Help Center/ Cloud Container Engine/ User Guide/ Cloud Native AI/ AI Data Acceleration/ AI Data Acceleration Engine Add-on

Updated on 2025-11-06 GMT+08:00

View PDF

AI Data Acceleration Engine Add-on

There are several key challenges that need to be addressed when using Kubernetes for AI and big data tasks, including excessive latency, inefficient bandwidth usage, insufficient data management, fragmented storage interfaces, and a lack of intelligent data awareness and scheduling resulting from the decoupling of storage and compute. To overcome these issues, CCE standard and Turbo clusters integrate the AI Data Acceleration Engine add-on, built on Fluid. This add-on enables functions like dataset abstraction, data orchestration, and application orchestration. It empowers AI and big data applications to efficiently use stored data without altering existing applications, thanks to transparent data management and optimized scheduling. For more information about Fluid, see Fluid Overview.

Prerequisites

A CCE standard or Turbo cluster of v1.28 or later is available. For details about how to buy a cluster, see Buying a CCE Standard/Turbo Cluster.
You have enabled OBS and DCS.

Notes and Constraints

This add-on uses templates and images from the open-source community. Since it is based on community versions, there may be defects. CCE periodically synchronizes with updated community versions to address known issues. Check whether your service requirements can be met.
This add-on only supports data caching via the JuiceFS storage engine. JuiceFS is a cloud native distributed file system that transforms object storage (like OBS) into high-performance local disks. It provides multi-level cache acceleration and integrates seamlessly into CCE, making it ideal for the massive data scenarios such as AI training and big data analytics.
This add-on is being deployed. To view the regions where this add-on is available, see the console.
This add-on is in the OBT phase. You can experience the latest add-on features. However, the stability of this add-on version has not been fully verified, and the CCE SLA is not valid for this version.

Billing

Installing the add-on does not cost anything.
In this example, you will need to purchase a DCS Redis instance and an OBS bucket, which you will be billed for. For details, see DCS (for Redis) Price Calculator and OBS Price Calculator.

Installing the Add-on

Log in to the CCE console and click the cluster name to access the cluster console.
In the navigation pane, choose Add-ons. Locate AI Data Acceleration Engine on the right and click Install.
In the lower right corner of the Install Add-on page, click Install. If the status of the AI Data Acceleration Engine add-on changes to Running, the add-on has been installed.

Components

**Table 1** Add-on components
Component	Description	Resource Type
application-controller	Schedules and runs application pods that use datasets. It retrieves cache from the runtime and schedules the pods that use datasets to nodes with cached data.	Deployment
csi-nodeplugin-fluid	A storage component of the add-on, which runs in containers. It is decoupled from service containers and provides observability for storage resources.	DaemonSet
dataset-controller	Manages the lifecycle of datasets, including binding cache engines.	Deployment
fluid-crd-upgrader	A CRD upgrade component of the add-on. It updates CRDs in add-on upgrade scenarios based on the add-on versions.	Job
fluid-webhook	Replaces the PVC with a FUSE sidecar and ensures the FUSE pod starts first in environments where CSI plugins cannot be used.	Deployment
juicefsruntime-controller	Manages and schedules JuiceFS runtime-related resources like computing tasks and configurations. It can, for example, dynamic scales cache nodes based on system loads.	Deployment

How to Use the Add-on

JuiceFS has an architecture where service data and metadata are stored separately. In this example, the data used by the service pod is stored in OBS, and the metadata generated by JuiceFS is stored in DCS for Redis. This example shows how to use JuiceFS to abstract data stored in OBS into a dataset and provide the dataset for workloads through a JuiceFSRuntime.

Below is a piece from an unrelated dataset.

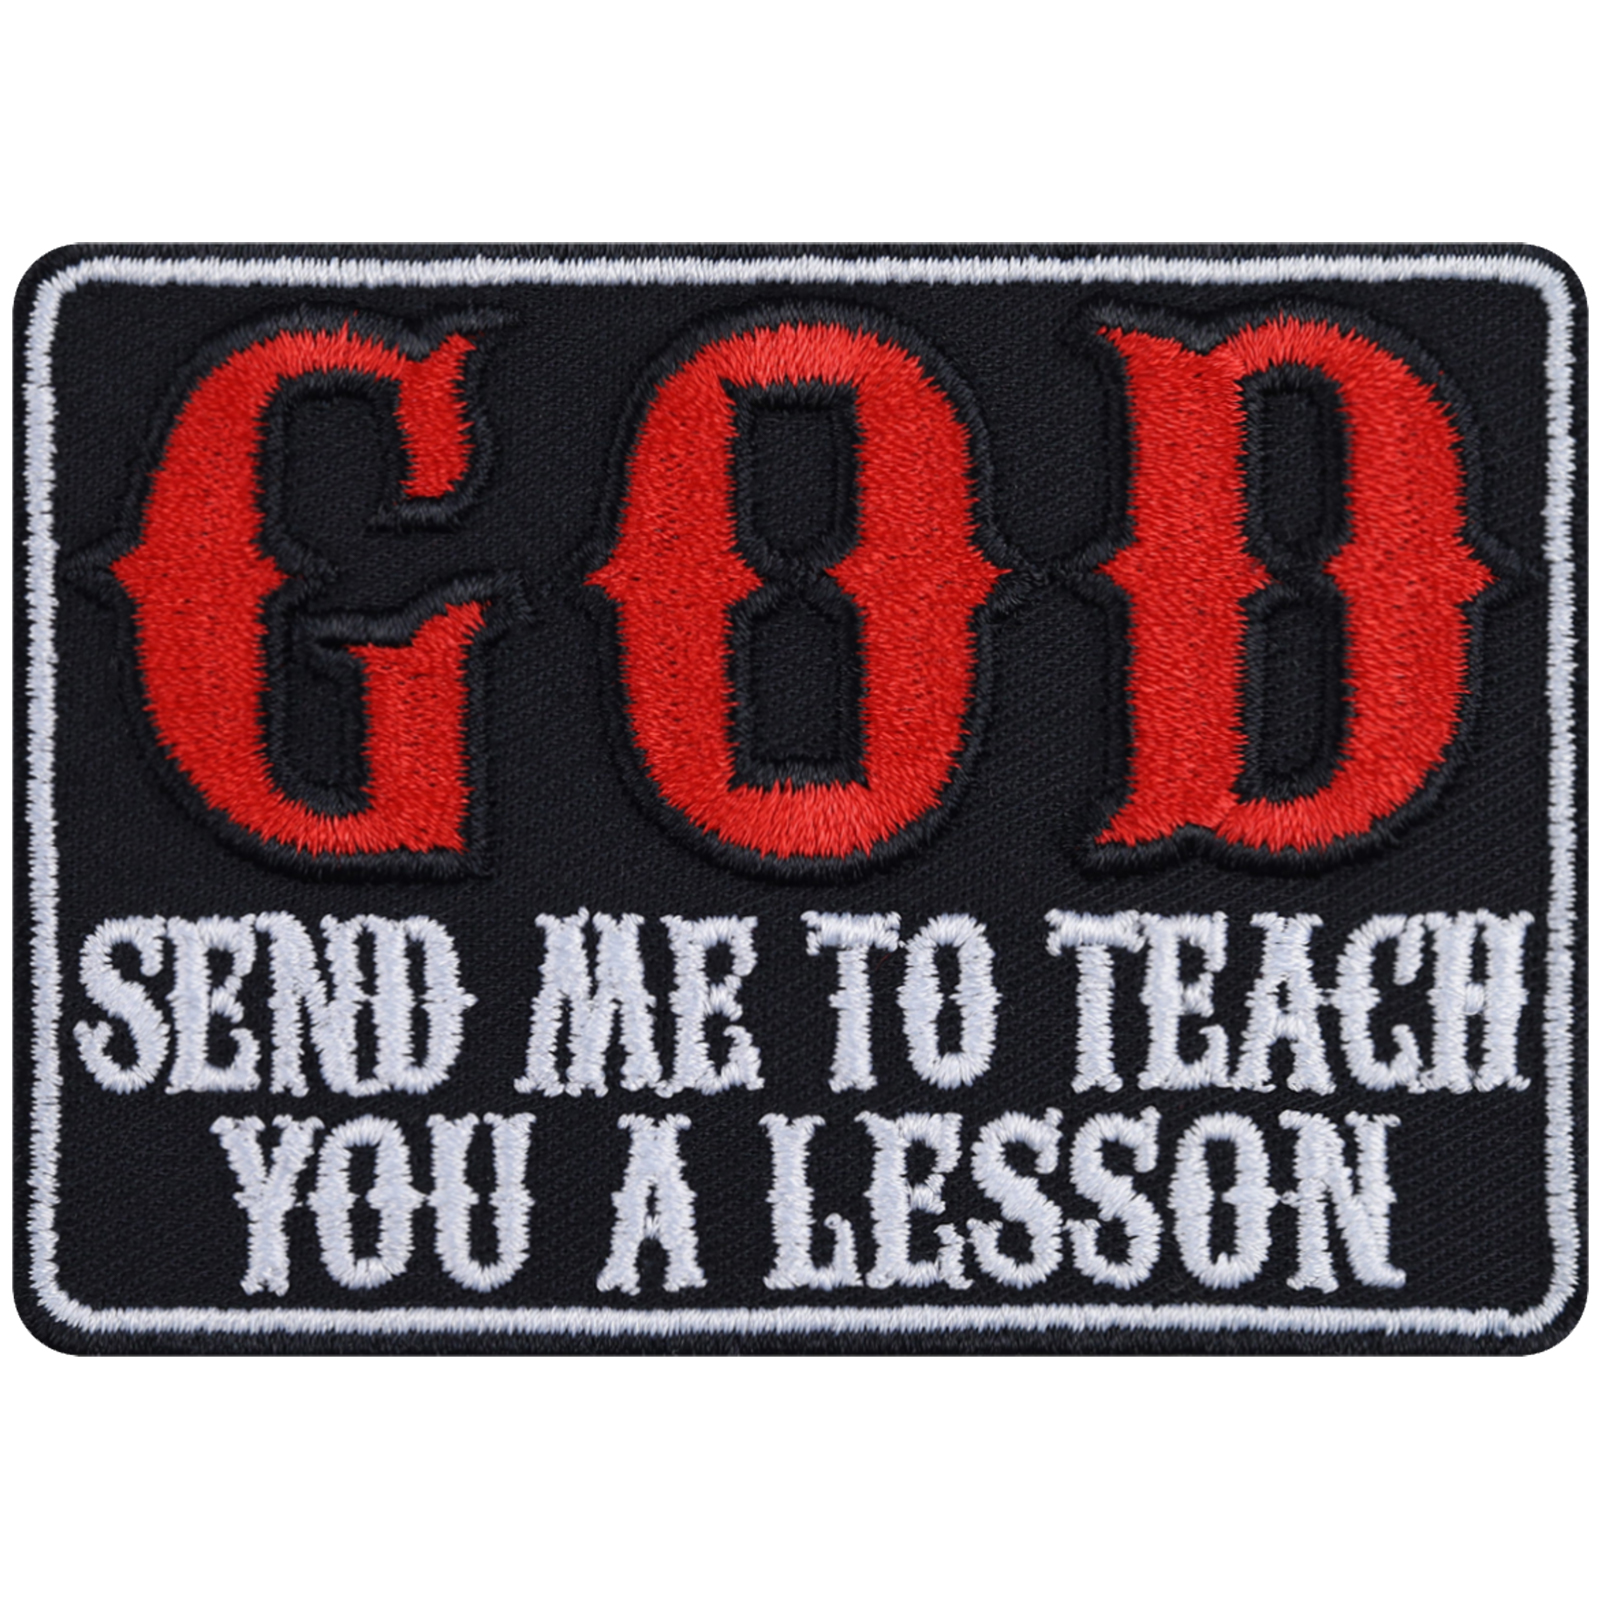 God send me to teach you a lesson - Patch
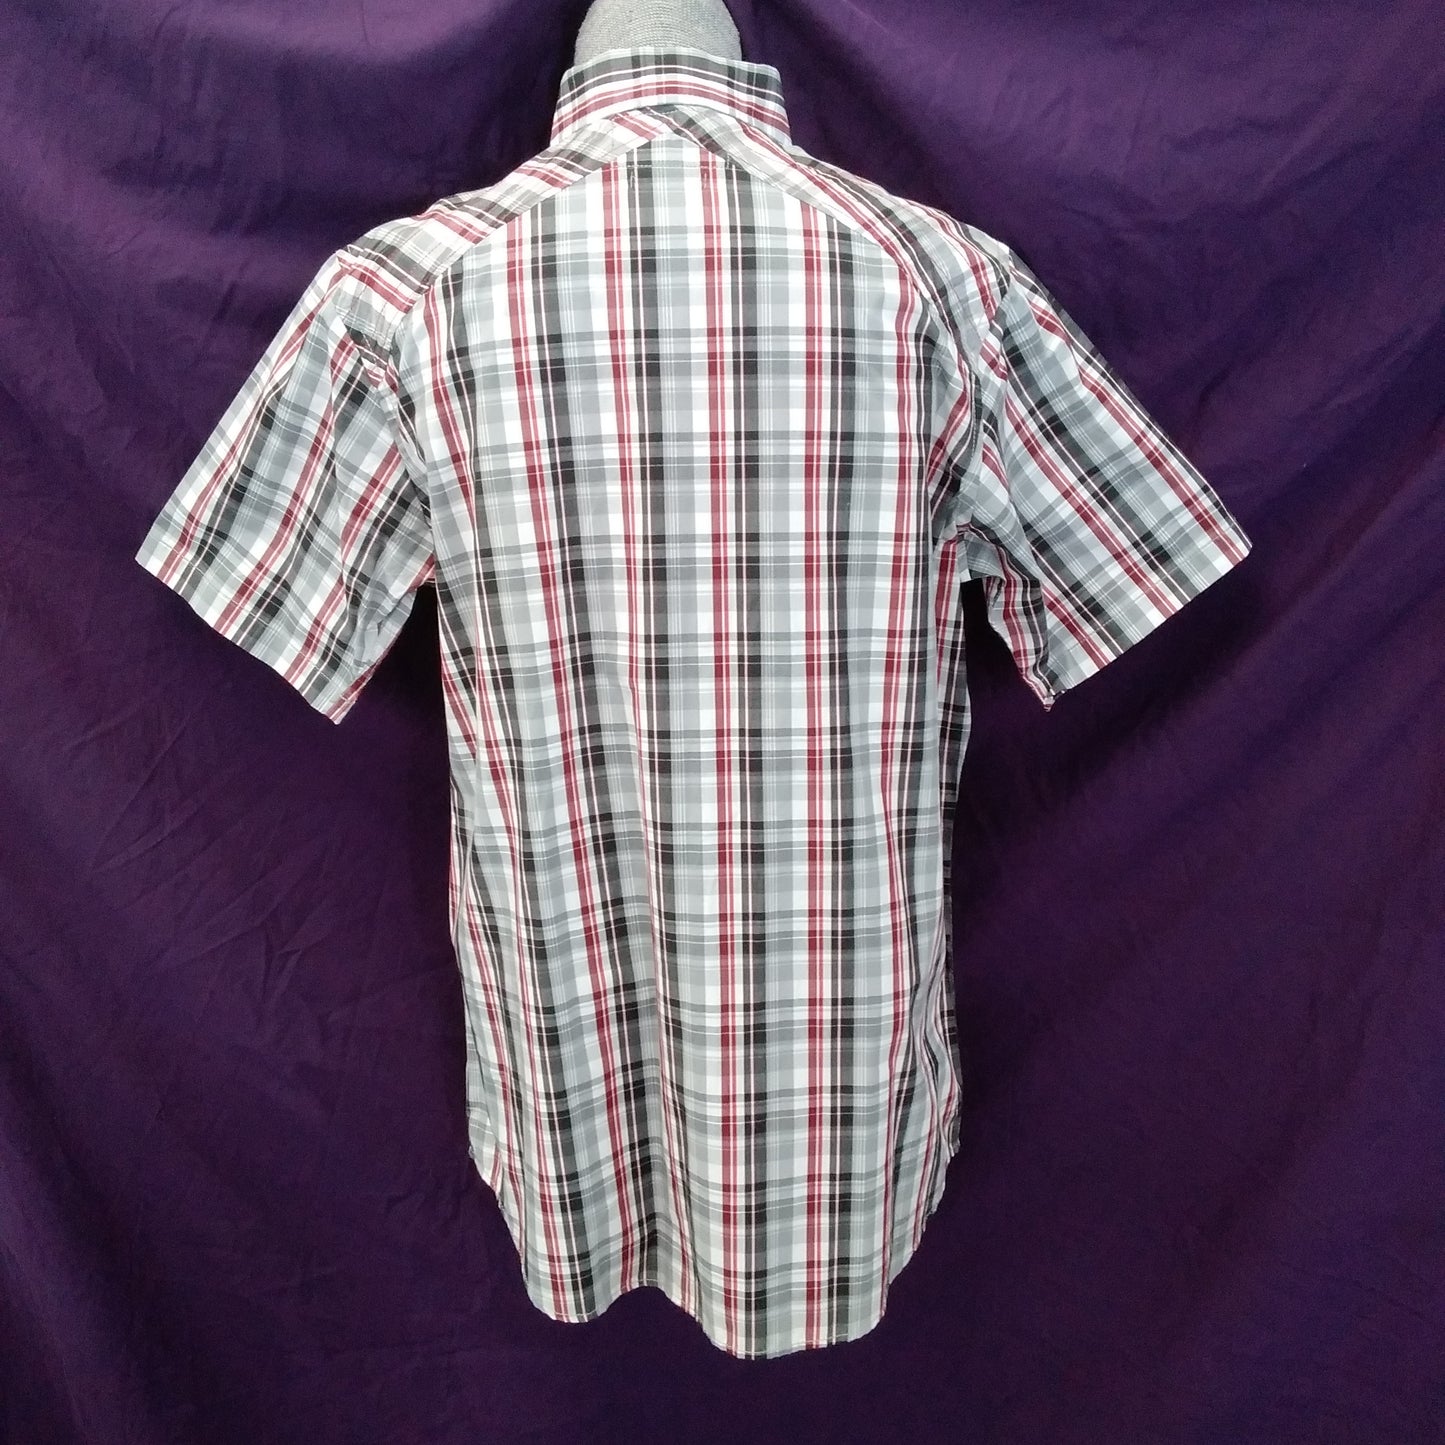 Ecko Unltd Plaid Short Sleeve Button Up Shirt - Large

**Table 2** Operation process
Procedure	Description
Create an OBS bucket.	The OBS bucket functions as a data source. It stores service data to be used by pods.
Create a DCS Redis instance.	The DCS Redis instance stores the metadata generated by JuiceFS.
Create a secret.	The secret is used as the identity credential for JuiceFS to access the OBS bucket and DCS Redis instance to read and store related data.
Create a dataset.	The dataset defines and manages data sources and access policies, ensuring workloads in the cluster use stored data appropriately and efficiently. After the dataset is created, the system will create a worker pod to initialize OBS data and convert the data into the JuiceFS directory format.
Create a JuiceFSRuntime.	The JuiceFSRuntime integrates the JuiceFS storage volumes into the cluster in an efficient, scalable manner; provides data caching, access acceleration, and automatic management; and ensures that applications can access and use data stored in the dataset efficiently. CCE only supports CSI mode, meaning the dataset is cached in a FUSE pod, which is then mounted to a service pod as a PVC. Typically, after creating the JuiceFSRuntime, the FUSE pod, PV, and PVC are generated automatically. Lazy startups are used for the FUSE pod, which is launched with the service pod.
Create a service pod and use an automatically created PVC and PV.	A FUSE pod is created alongside the service pod. The internal data of the FUSE pod can be used by the service pod via a PVC.

Create an OBS bucket to store service data.

In the upper right corner of the page, click Create Bucket and configure related parameters as required. The following is an example.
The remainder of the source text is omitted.